Smaller businesses are making real-time data core to their offerings, too. Ryzeo offers a marketing platform that leverages real-time data generated by events on its clients’ e-commerce websites. An item that a shopper views or searches for instantly results in an AI-driven recommendation through its “suggested items.”  Real-time data – and the technology that supports it – is how Ryzeo makes this happen. 

Inaction isn’t an option

The door is open to you and your organization, too.

The best-of-breed technologies that power winning real-time apps are open source and available as a service, on demand to all. There are tons of proven use cases across industries. When you leverage these use cases and technologies, there’s a big payoff – you increase your organization’s ability to innovate and turn data into delightful customer experiences.
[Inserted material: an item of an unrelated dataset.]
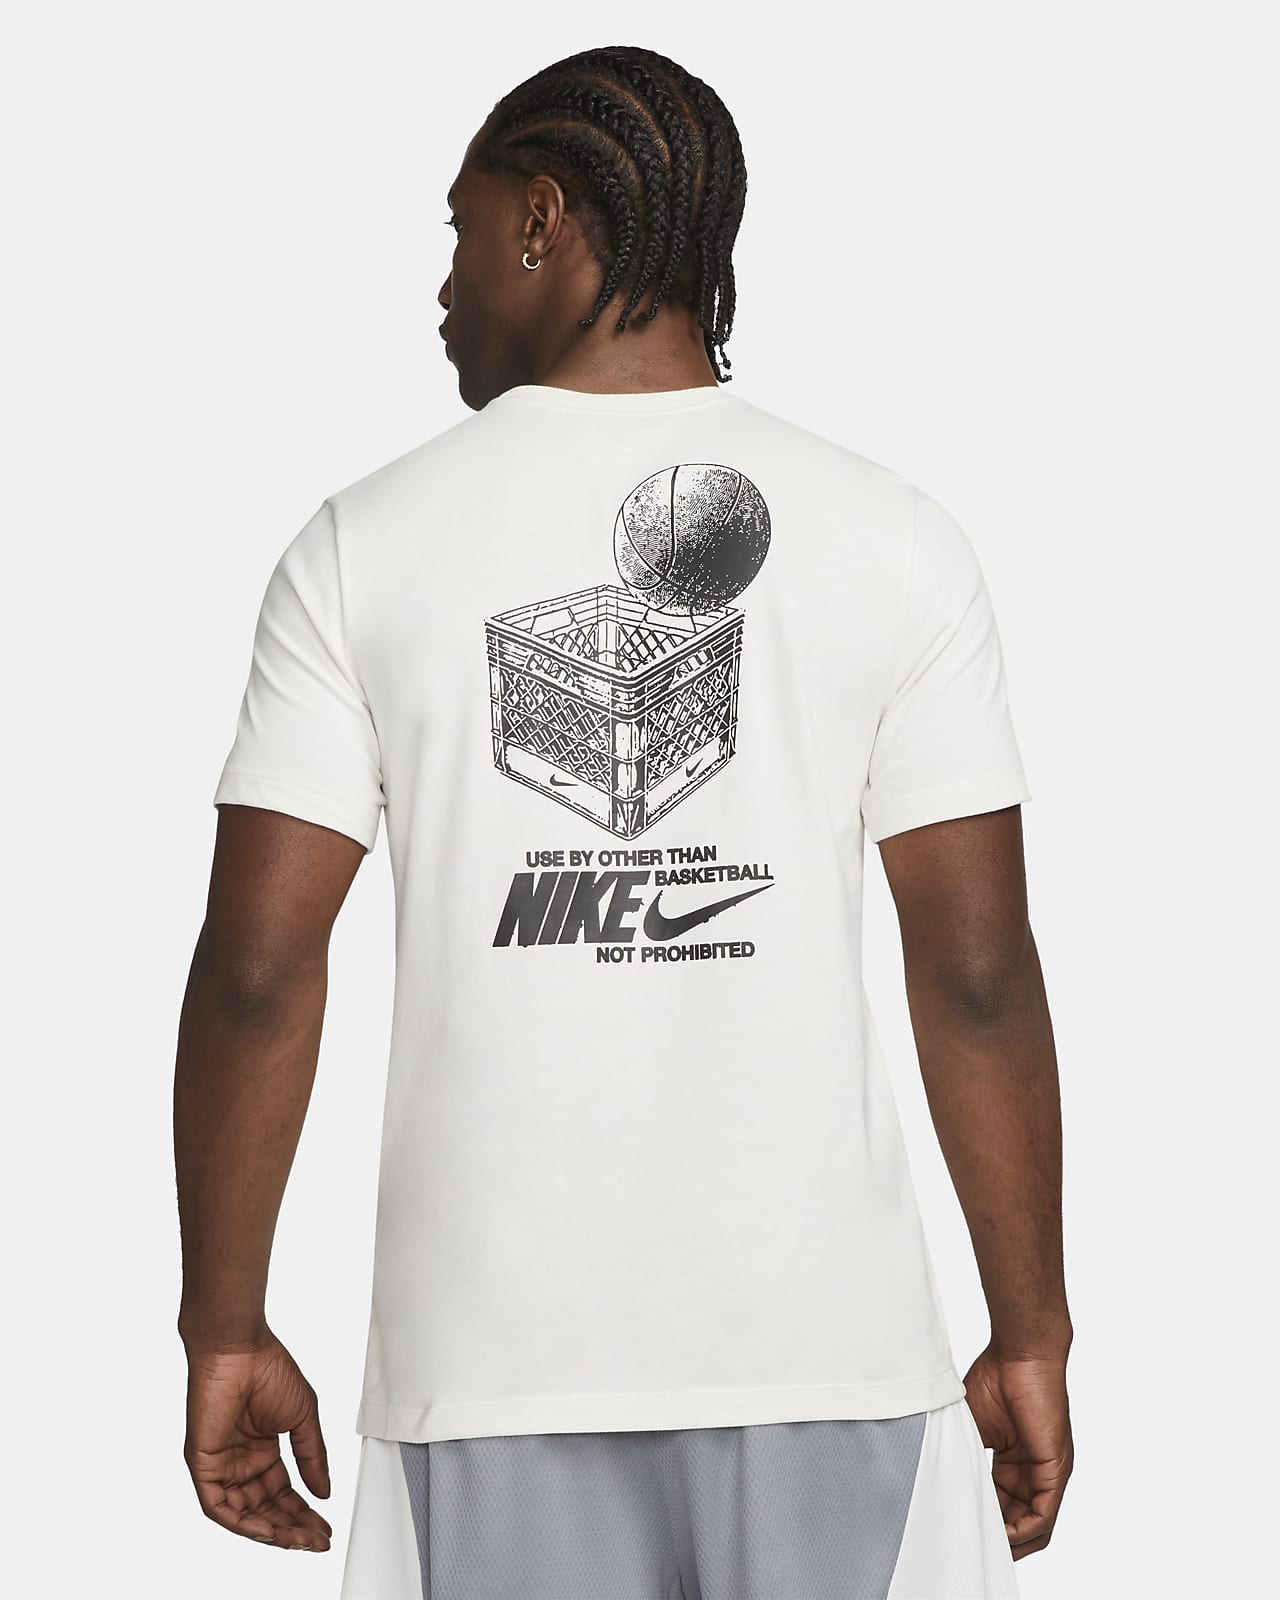 Nike Men's Basketball Nike.com

This will not only transform how your business grows, but how your business works.

As consumers, we never want to go back to dumb apps that evolve slowly, don’t know our context, and fail to act intelligently on our behalf. In fact, we desire the opposite.

When you put the customer’s digital experience at the center of agile workflows, make fast decisions, and rapidly iterate, you create a powerful feedback loop. Every win shows the power of a new and more fulfilling way of working. So does every failure – by providing valuable learnings.
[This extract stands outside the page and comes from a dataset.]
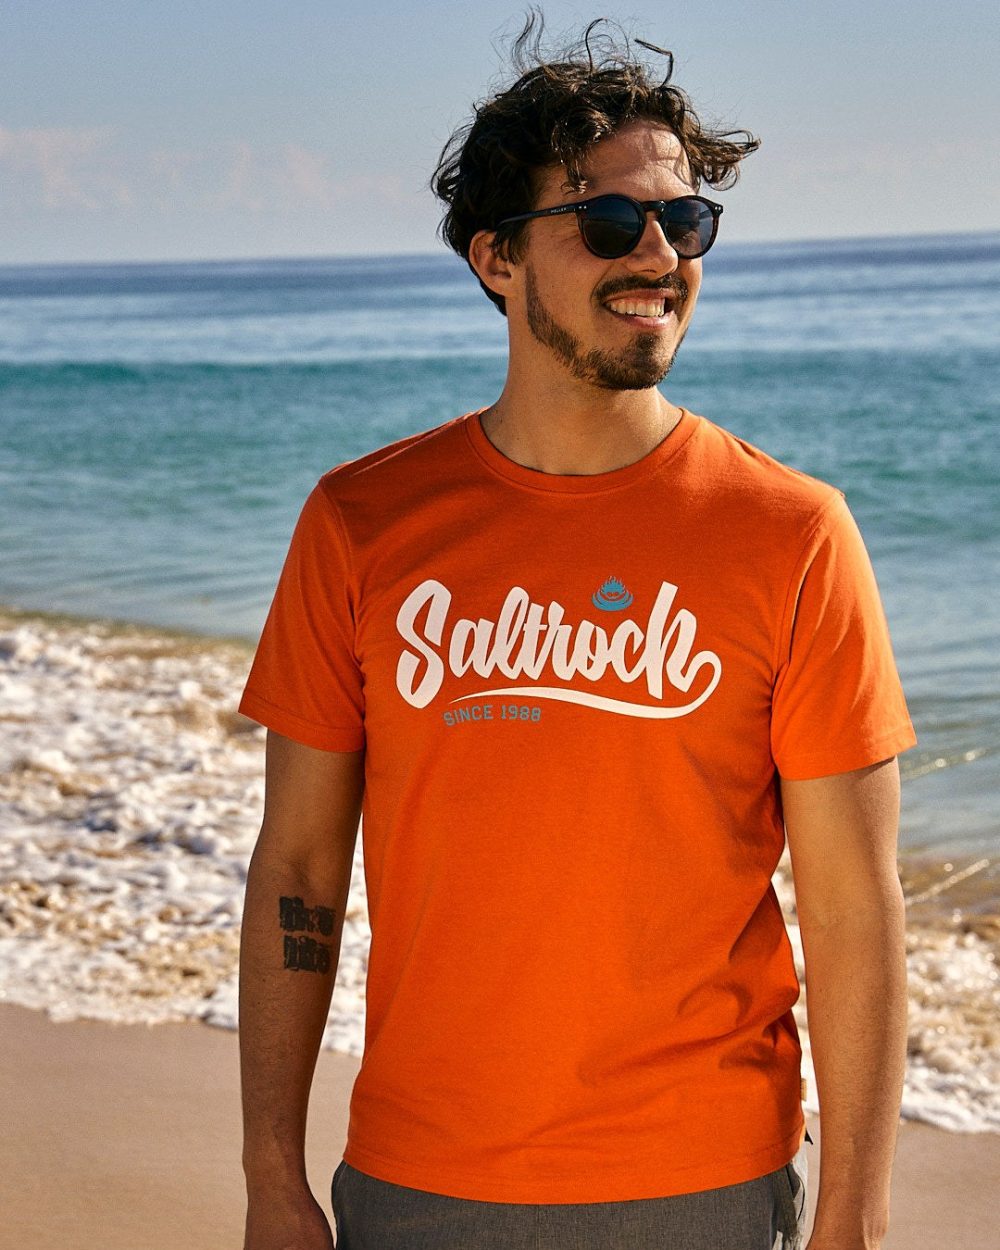 Saltrock tshirt

The one thing you can count on is that inaction is not an option. And at this moment in time, why would we want to wait?

There is no doubt that real time data can reduce waste, increase safety, help the environment, make people happier and healthier. And we’re only just getting started.

So how do you get started? You can make three important choices right now to set your organization on a path to excel at delivering real-time data.

Step 1: Pick up the right tools

The technology to deliver outstanding, data-powered, real-time experiences has arrived – and we’ve got it in spades. The best of breed tools are open source. They grew out of the “best of the internet” to solve novel problems about scale and data velocity. Apache Cassandra®, for example, was developed at Facebook to manage massive amounts of messaging data.

Joining the open source ecosystem means you don’t have to reinvent the wheel. This is important because what sets your organization’s real-time data experiences apart won’t be the infrastructure. It’ll be how you put your domain knowledge to use in new ways that delight your users.

Most of these technologies are available on demand as-a-service to everyone. If you didn’t add them to your data infrastructure yesterday, do it today.

Step 2: Assemble the right teams

When every company is a software company, every executive must also be a software executive. This includes your line of business owners, general managers, and functional leaders.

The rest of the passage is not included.